Being a simple project, Domus will have the simplest database ever; it will read/write the PIN code from/to a file and we'll call it FileDatabase. Our first requirement is: when FileDatabase is created it has to create the file and write the factory PIN code into it.

public class FileDatabaseTest extends TestCase {
  
  protected void tearDown() { 
    File file = new File("pin.dat");
    assertTrue("File couldn't be deleted", file.delete());
  }

  public void testCreatePinFileIfNotExists() throws Exception {
    // setup
    FileDatabase db = new FileDatabase("pin.dat");
    // verify
    Scanner dbScanner = new Scanner(new File("pin.dat"));
    assertEquals("0000", dbScanner.next());
  }
}

This is an Integration Test and the reason is that FileDatabase interacts directly with the execution environment (i.e. the JVM and a real file). Because of this interaction, integration tests are slower than unit tests. It might not sound like a big issue but as soon as the integration tests get more and more, running all the tests will take longer and longer, until they will eventually take so much time that we'll be annoyed by running them or, anyway, we'll spend lot of time waiting rather than implementing features. This should not make us think that integration tests are bad. We need them. We just want run them less frequently than unit tests, to not slow us down.
The following is the implementation of FileDatabase constructor:

  public FileDatabase(String pinFileName) throws IOException {
    FileWriter pinFile = new FileWriter(pinFileName);
    pinFile.write("0000");
    pinFile.close();
  }

To keep this short, I'll skip over the full implementation of FileDatabase (you can find all the code on git, also for FileLogger and FileSiren). To launch Domus, we'll also need a Main file which will wire all the parts together. It will also implement a classic command line interface printing out a menu with all the choices, which for our simple project will be:

• 0, to quit the program
• 1, to add a sensor
• 2, to engage the alarm
• 3, to disengage the alarm
• 4, to trigger a sensor
• 5, change pin code

The implementation of Main can be found on git. What's more important to look at is one component test for Domus. This test exercises the whole Domus, by adding a sensor, engaging the alarm and then triggering the sensor; the expected outcome is the activation of the siren, which is just a matter of writing 1 into the file siren.out (as often happens for /dev files on Unix platforms).

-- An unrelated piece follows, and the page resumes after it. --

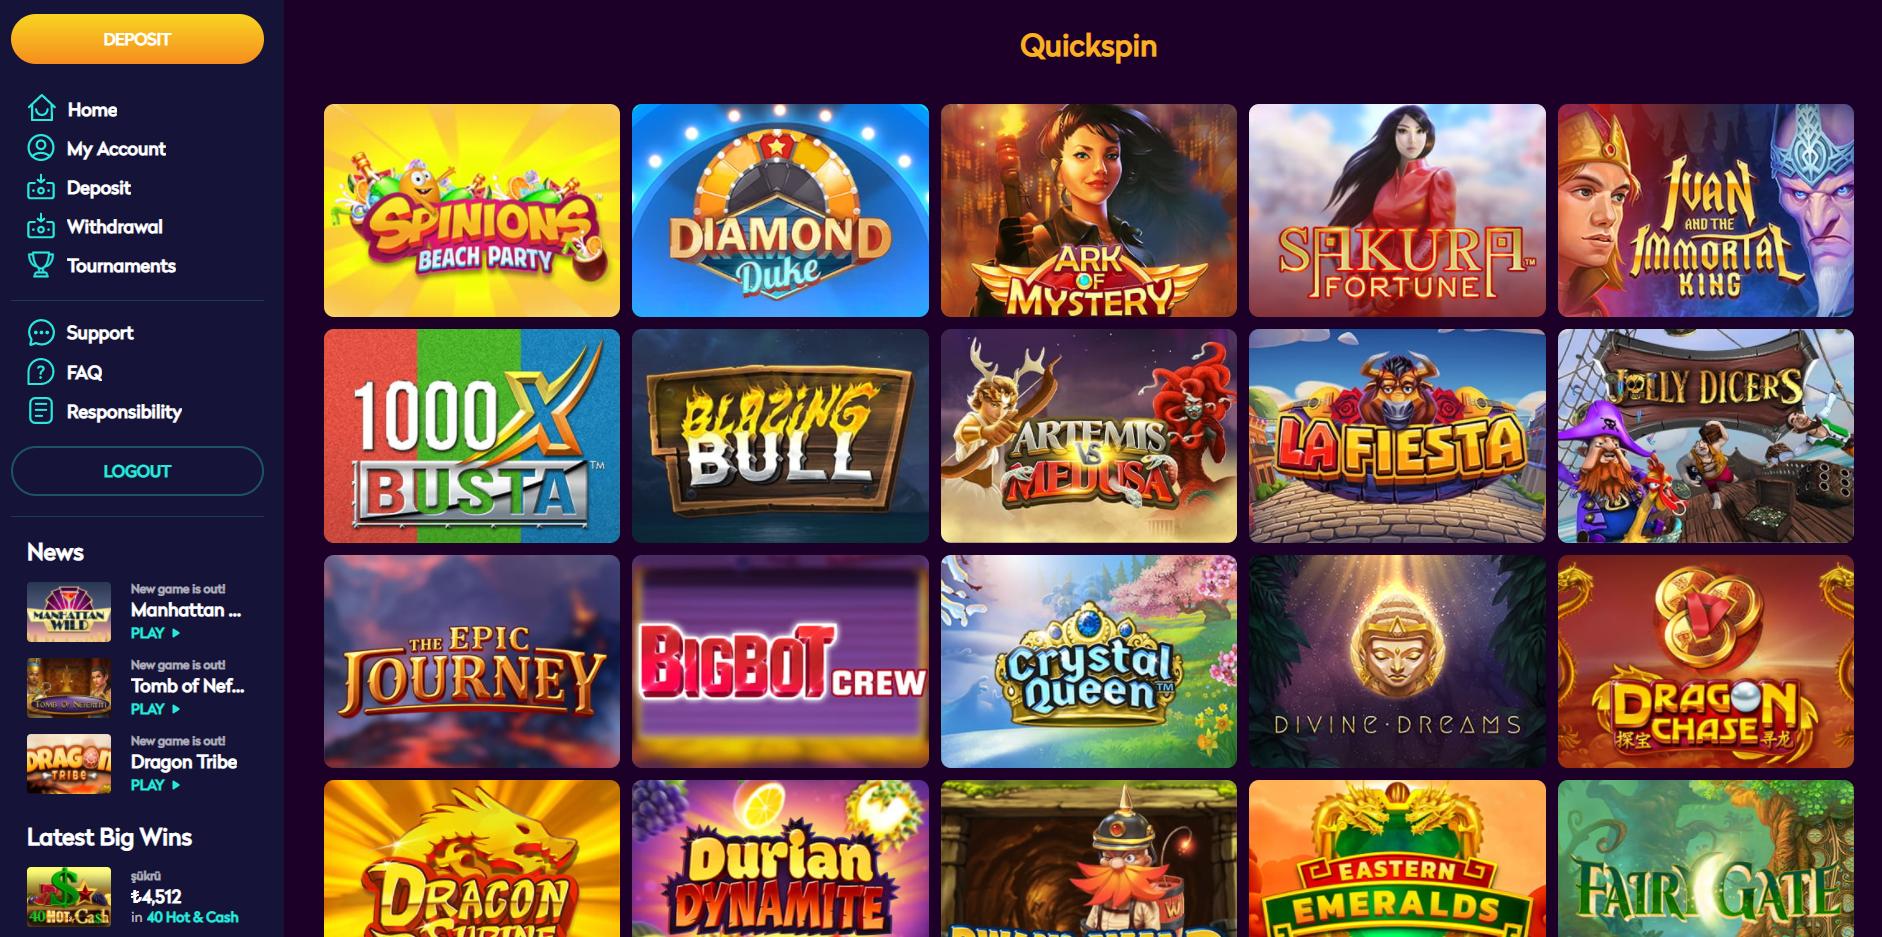 casino360 quickspin lošimo automatai sakura fortune durian dynamite la fiesta diamond

public class DomusTest extends TestCase {
  
  protected void tearDown() { 
    assertTrue(new File("pin.dat").delete());
    assertTrue(new File("log.txt").delete());
    assertTrue(new File("siren.out").delete());
  }

  public void testActivateSiren() throws Exception {
    // setup
    StringBuffer commands = new StringBuffer();
    commands.append("1\n"); /* Add a sensor */
    commands.append("2\n"); /* Engage the alarm */
    commands.append("0000\n");
    commands.append("4\n"); /* Trigger a sensor */
    commands.append("0\n");
    commands.append("0\n"); /* Quit the program */
    System.setIn(new ByteArrayInputStream(commands.toString().getBytes()));
    // exercise
    Main.main(new String[] {"pin.dat", "log.txt", "siren.out"});
    // verify
    Scanner sirenScanner = new Scanner(new File("siren.out"));
    assertEquals(1, sirenScanner.nextInt());
  }

}

Two other component tests can be written to verify that the user can:

1. change the PIN code
2. disengage the alarm.

You can find these tests on git. What is important to highlight is that these three tests are the only component tests needed. Looking at how many tests we've written so far, we can finally understand what the Testing Pyramid is:

• 3 component tests
• 8 integration tests
• 16 unit tests

As expected, in a well tested codebase, the majority of the tests are unit tests, because they exercise all the workers of a system, proving that each one is doing its job; a lower number of integration tests prove that the peripheral parts of the system interacts properly with the execution environment; finally, a small set of component tests prove that everything has been wired correctly.